QML – QML - Week 7

Statistical significance

Suppose you have a treatment that you suspect may alter performance on a certain task. You compare the means of your control and experimental groups (say 20 subjects in each sample). Further, suppose a significance test indicates a significant difference, with a p-value of 0.01. Which of the following statements are FALSE?

You have absolutely disproved the null hypothesis (that is, there is no difference between the population means).
You have found the probability of the null hypothesis being true.
You have absolutely proved your experimental hypothesis (that there is a difference between the population means).
You can deduce the probability of the experimental hypothesis being true.
You know, if you decide to reject the null hypothesis, the probability that you are making the wrong decision.
You have a reliable experimental ﬁnding in the sense that if, hypothetically, the experiment were repeated a great number of times, you would obtain a signiﬁcant result on 99% of occasions.

Which statements are false?

Statistical significance is not meaningful

Simulate N observations from two populations that have very similar means. Their difference is not linguistically meaningful.
N is sample size: from 50 to 500.
For each N, simulate N observations 100 times (100 draws). For each draw get the p-value of the difference.

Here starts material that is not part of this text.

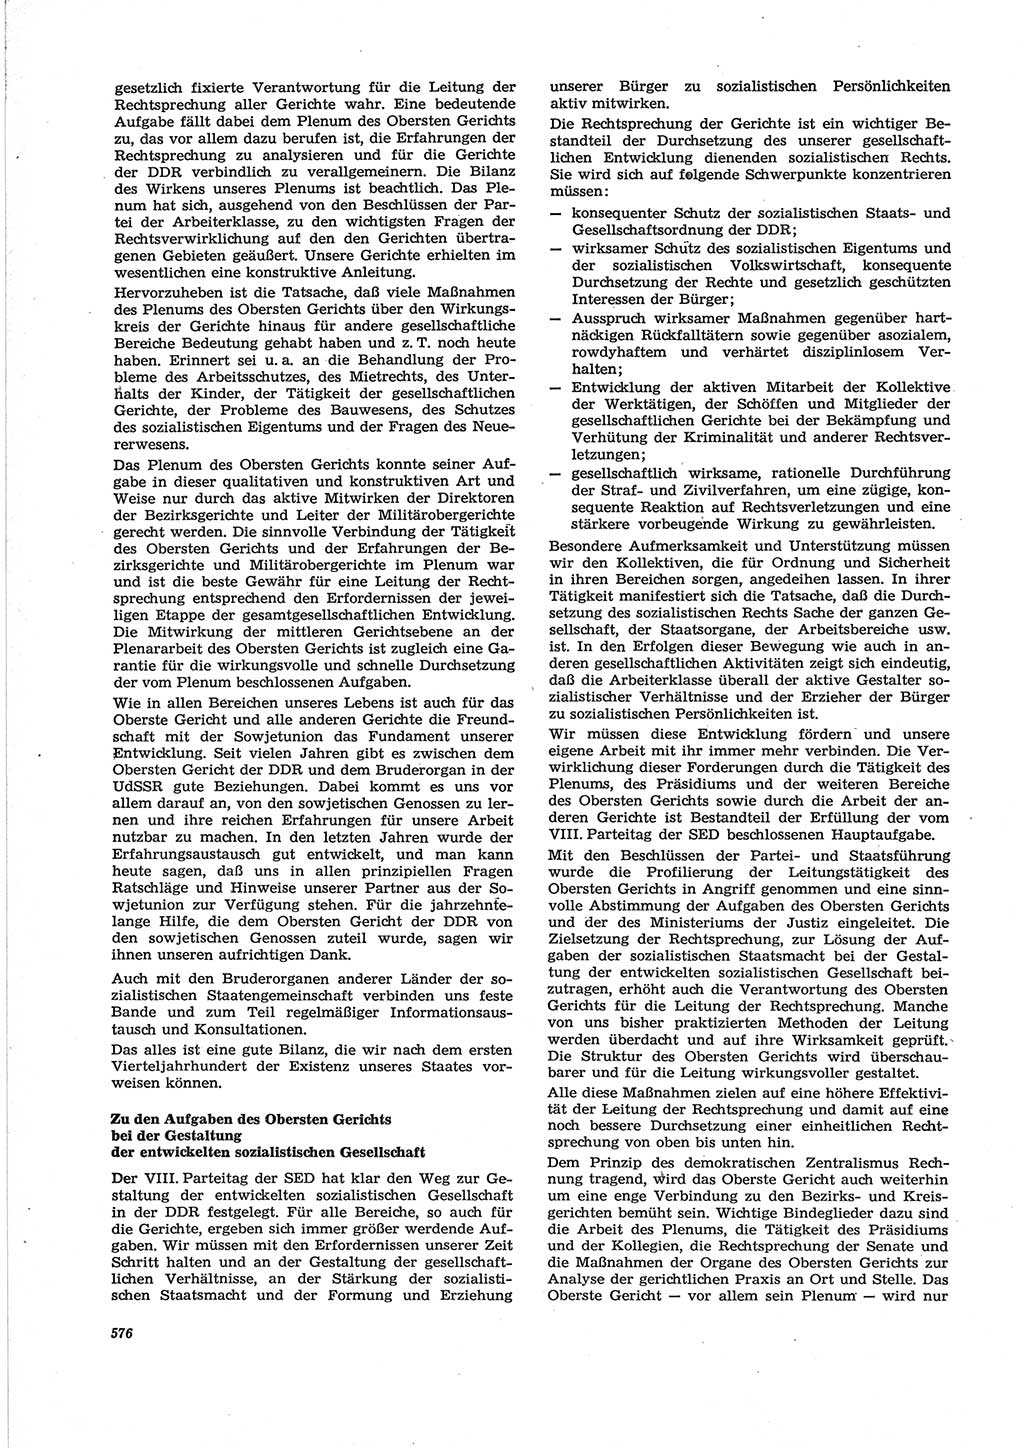 Neue Justiz (NJ), Zeitschrift für Recht und Rechtswissenschaft [Deutsche Demokratische Republik (DDR)], 28. Jahrgang 1974, Seite 576 (NJ DDR 1974, S. 576)
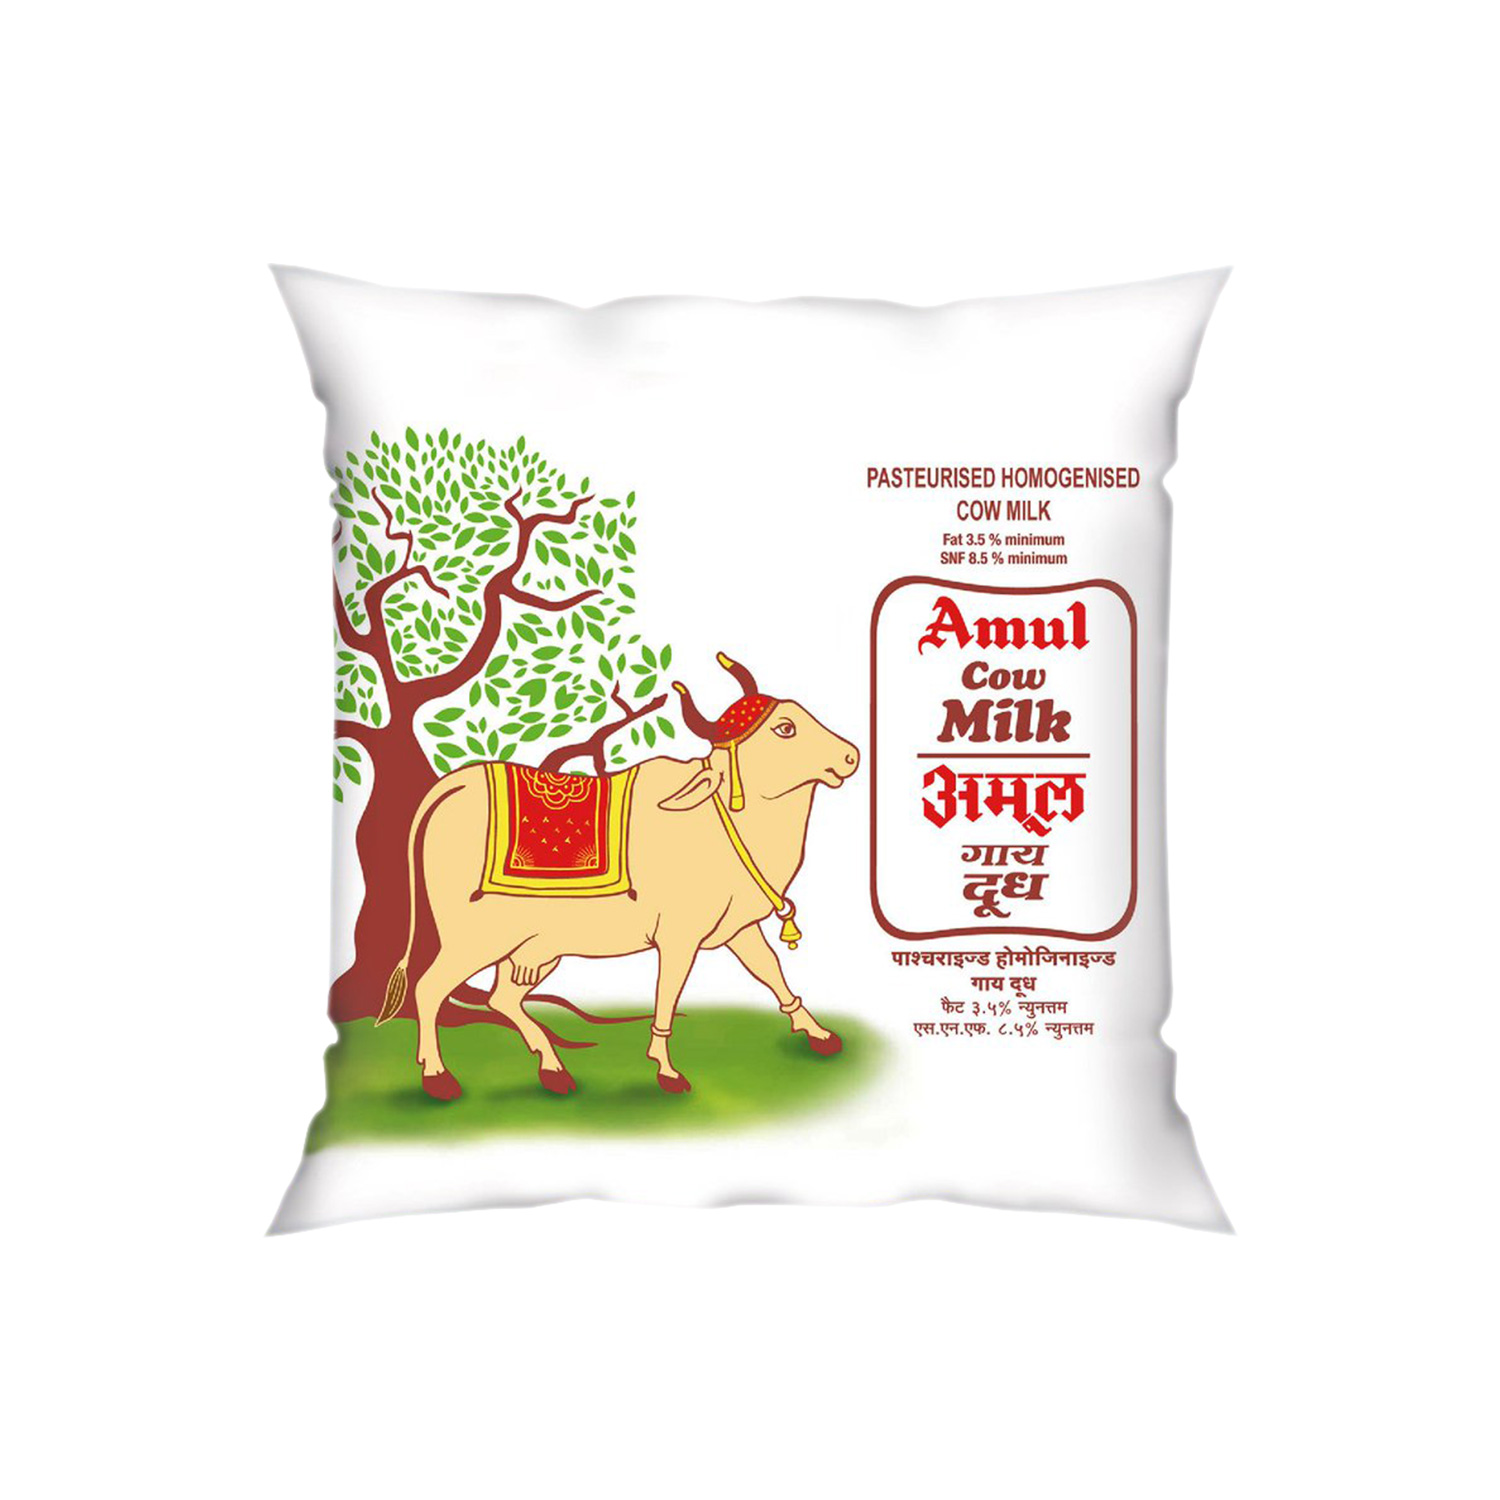 Amul Cow Milk Pouch

So 100 p-values for each N.

Statistical significance is not meaningful

What a p-value really means

P-value

A p-value is the probability of finding a difference as large as or larger than the difference found, assuming there is no difference (i.e. the null hypothesis that the difference is 0).

The “null hypothesis” is always true.
You can only reject the null hypothesis, not disprove it nor prove it.
The p-value is not about the probability that the difference is not 0.
The p-value does not tell you anything about the replicability of the results.

Group activity

Focus on the results sections of these papers and discuss how they compare with one another.

How are the statistical approaches different? Which papers focus more on general directional patterns vs more precise estimation? How are the results weighted and use as evidence?

Let’s discuss!

Now share your thoughts with the class.